### TASK STATEMENT
Set down every entry once more, exactly as it appears.

TASK DATA section start

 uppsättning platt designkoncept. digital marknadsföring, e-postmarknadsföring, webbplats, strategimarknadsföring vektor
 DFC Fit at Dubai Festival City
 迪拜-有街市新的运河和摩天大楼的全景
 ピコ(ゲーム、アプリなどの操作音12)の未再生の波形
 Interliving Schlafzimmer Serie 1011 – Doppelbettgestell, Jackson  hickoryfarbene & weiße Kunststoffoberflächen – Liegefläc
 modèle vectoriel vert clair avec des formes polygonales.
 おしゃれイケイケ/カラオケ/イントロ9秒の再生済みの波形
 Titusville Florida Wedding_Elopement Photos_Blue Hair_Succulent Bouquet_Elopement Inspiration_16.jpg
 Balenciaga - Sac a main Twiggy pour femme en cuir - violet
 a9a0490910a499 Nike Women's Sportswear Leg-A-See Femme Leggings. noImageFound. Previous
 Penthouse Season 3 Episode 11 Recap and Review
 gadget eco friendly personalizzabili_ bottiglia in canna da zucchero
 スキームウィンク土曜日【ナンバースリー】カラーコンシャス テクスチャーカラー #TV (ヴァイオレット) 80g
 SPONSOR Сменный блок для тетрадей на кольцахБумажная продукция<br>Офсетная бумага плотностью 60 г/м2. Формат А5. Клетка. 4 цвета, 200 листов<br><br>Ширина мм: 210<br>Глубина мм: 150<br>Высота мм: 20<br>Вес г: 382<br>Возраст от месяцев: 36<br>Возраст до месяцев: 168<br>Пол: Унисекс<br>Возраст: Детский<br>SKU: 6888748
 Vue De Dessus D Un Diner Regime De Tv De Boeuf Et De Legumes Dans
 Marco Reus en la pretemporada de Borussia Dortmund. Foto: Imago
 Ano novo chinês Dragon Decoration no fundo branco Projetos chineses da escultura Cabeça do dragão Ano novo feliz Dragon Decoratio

TASK DATA section end

### ANSWER TO THIS EXERCISE
 uppsättning platt designkoncept. digital marknadsföring, e-postmarknadsföring, webbplats, strategimarknadsföring vektor
 DFC Fit at Dubai Festival City
 迪拜-有街市新的运河和摩天大楼的全景
 ピコ(ゲーム、アプリなどの操作音12)の未再生の波形
 Interliving Schlafzimmer Serie 1011 – Doppelbettgestell, Jackson  hickoryfarbene & weiße Kunststoffoberflächen – Liegefläc
 modèle vectoriel vert clair avec des formes polygonales.
 おしゃれイケイケ/カラオケ/イントロ9秒の再生済みの波形
 Titusville Florida Wedding_Elopement Photos_Blue Hair_Succulent Bouquet_Elopement Inspiration_16.jpg
 Balenciaga - Sac a main Twiggy pour femme en cuir - violet
 a9a0490910a499 Nike Women's Sportswear Leg-A-See Femme Leggings. noImageFound. Previous
 Penthouse Season 3 Episode 11 Recap and Review
 gadget eco friendly personalizzabili_ bottiglia in canna da zucchero
 スキームウィンク土曜日【ナンバースリー】カラーコンシャス テクスチャーカラー #TV (ヴァイオレット) 80g
 SPONSOR Сменный блок для тетрадей на кольцахБумажная продукция<br>Офсетная бумага плотностью 60 г/м2. Формат А5. Клетка. 4 цвета, 200 листов<br><br>Ширина мм: 210<br>Глубина мм: 150<br>Высота мм: 20<br>Вес г: 382<br>Возраст от месяцев: 36<br>Возраст до месяцев: 168<br>Пол: Унисекс<br>Возраст: Детский<br>SKU: 6888748
 Vue De Dessus D Un Diner Regime De Tv De Boeuf Et De Legumes Dans
 Marco Reus en la pretemporada de Borussia Dortmund. Foto: Imago
 Ano novo chinês Dragon Decoration no fundo branco Projetos chineses da escultura Cabeça do dragão Ano novo feliz Dragon Decoratio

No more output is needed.